Ollie admits there was bad communication from the Government with the new food regulations, requiring premises to specify and iteminise what customers are eating.
"The rationale behind it is to target the tiny minority, the quarter of one per cent, which are rogue pubs and operating without selling food," he explains. "The penalties are now very severe and pubs won't get their licences renewed if they step out of line."
A LVF spokesperson told the Sunday World that the future will be bleaker if pubs are not allowed to reopen in the next planned phase date of September 14.
"Eleven pubs that we know of in Dublin have closed their doors for good," a spokesperson told us.
"There are about 700 pubs in Dublin.
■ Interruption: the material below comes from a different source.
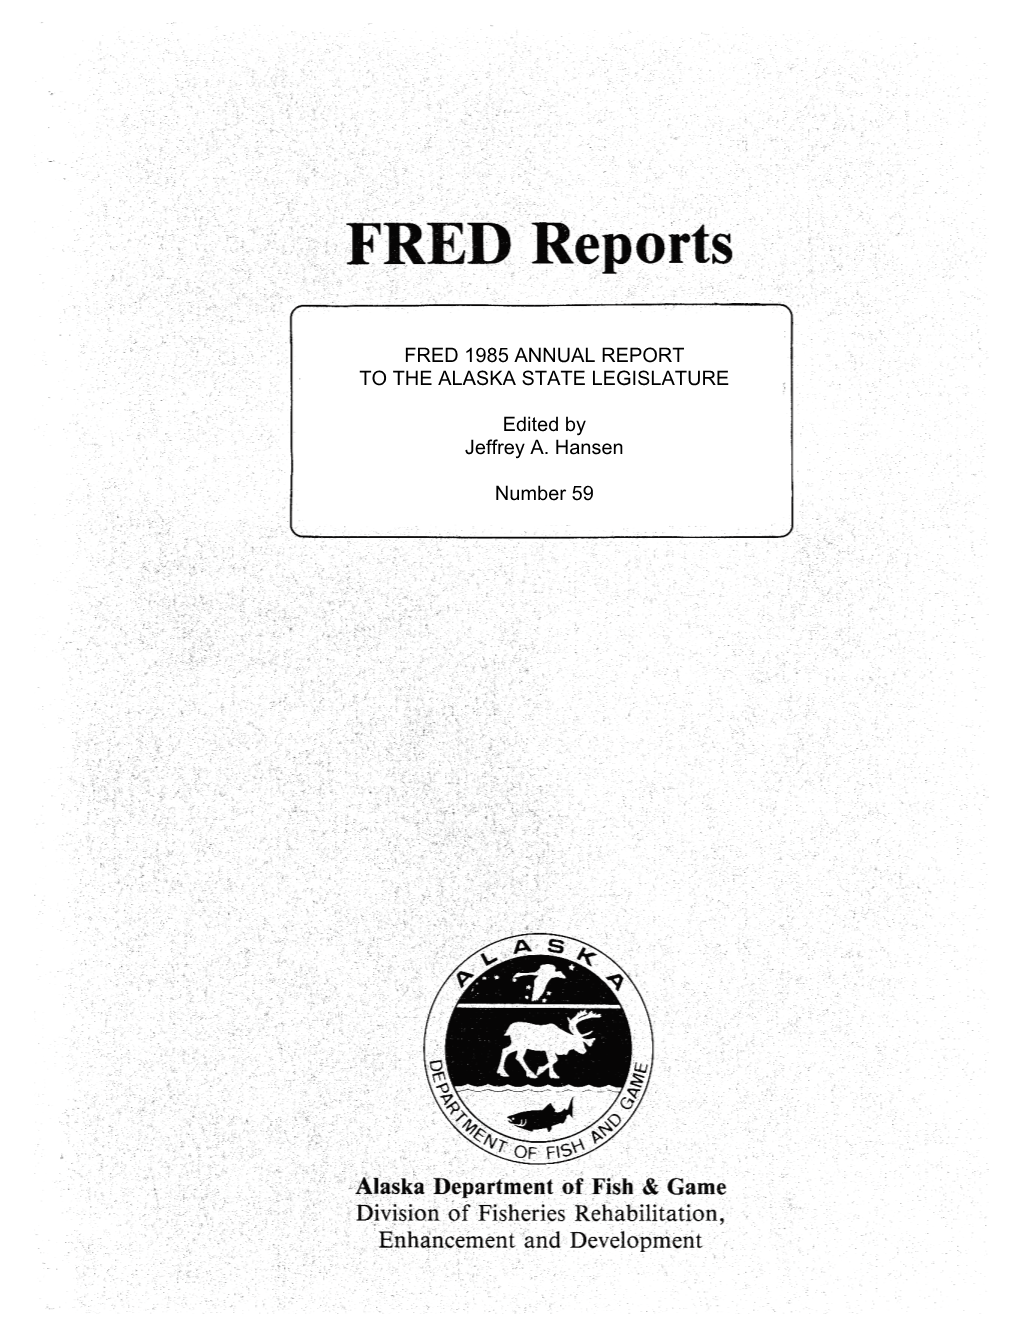 Fred 1985 Annual Report to the Alaska State Legislature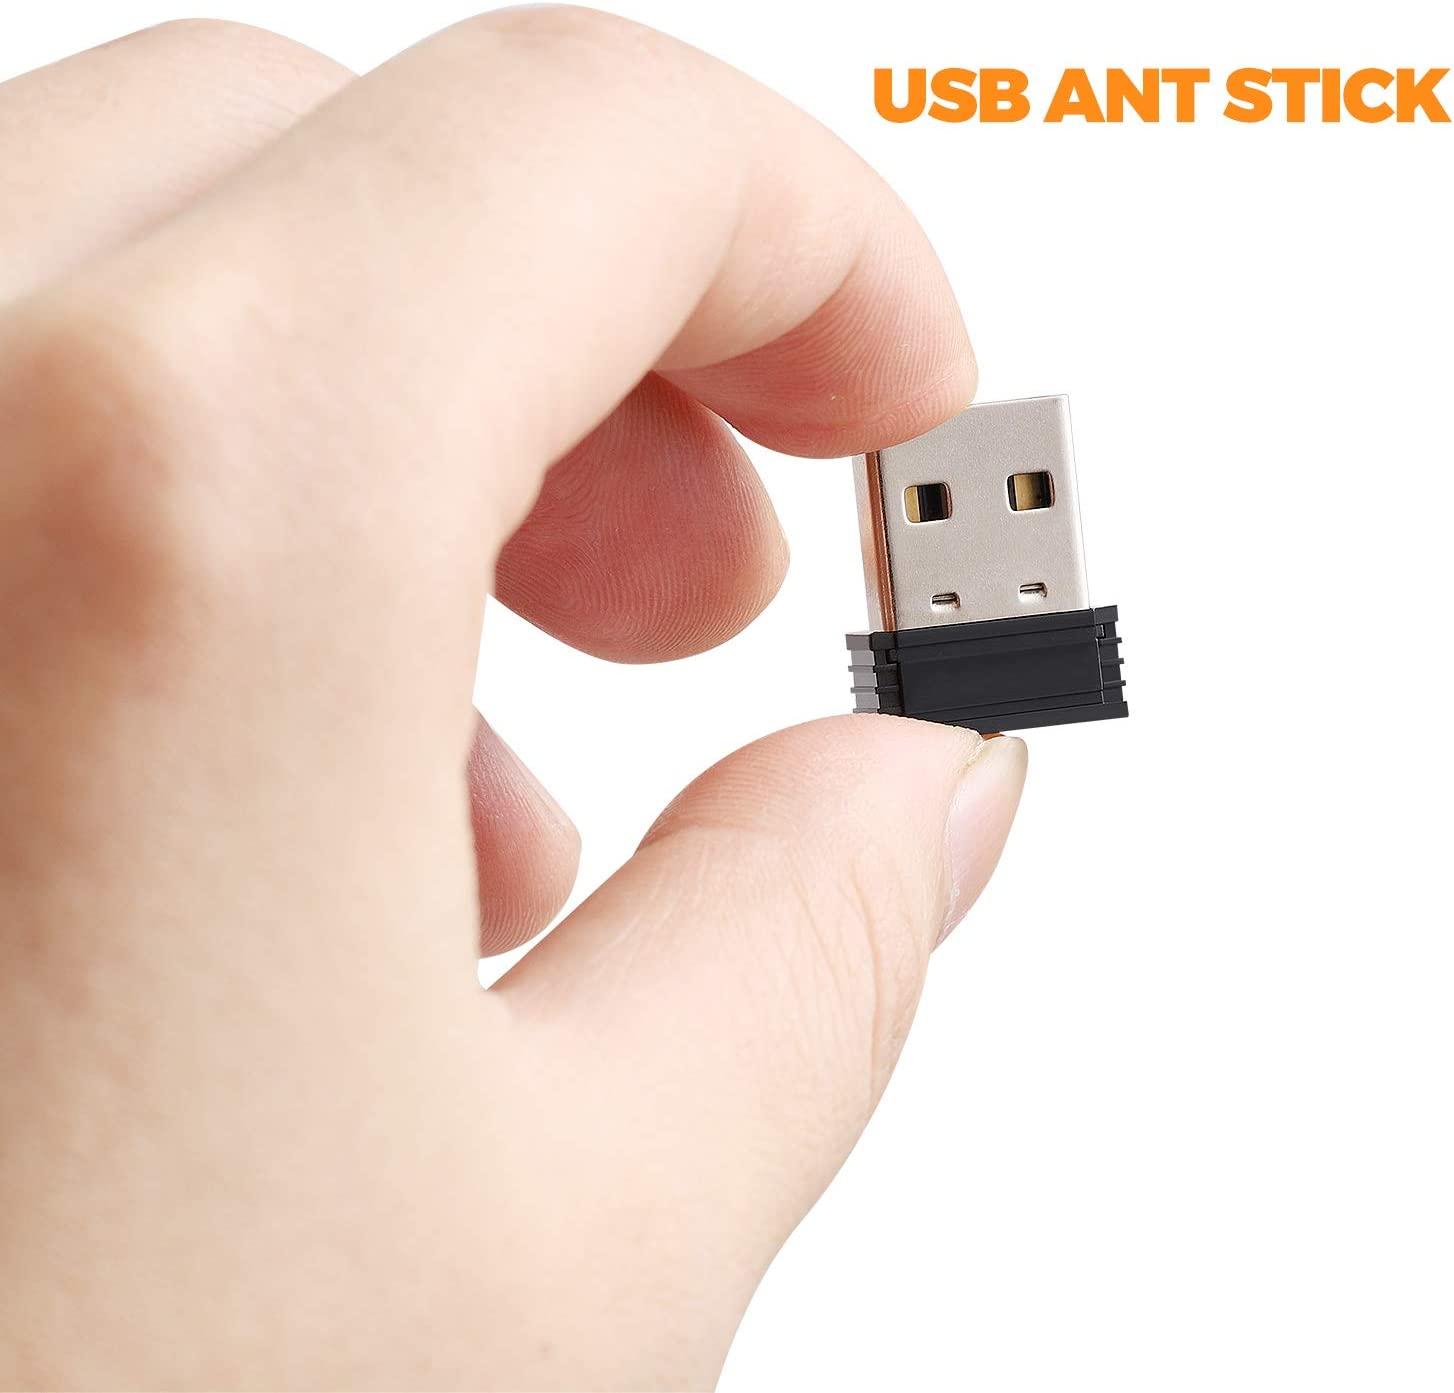 Ant Stick, Ant USB Stick

A lot of pubs are now using nearby takeaways so numbers are blurred - there are maybe 550 pubs currently serving food in Dublin and about 200 pubs still closed.
"Well-known pubs such as McDaid's, Grogan's, The Swan on Aungier Street, are all still closed and nationally there are about 25,000 people impacted by the decision to keep pubs shut.
"We are sending out the posters to all pubs across the country and it is highly visual in every constituency across the country.
"It's now become a headache for politicians as even junior ministers have become critical of it and the Tánaiste has said there needs to be a reopening soon.
"If nothing is agreed by next weekend it will be put off again and pubs won't reopen on September 14, which will be a disaster for our industry."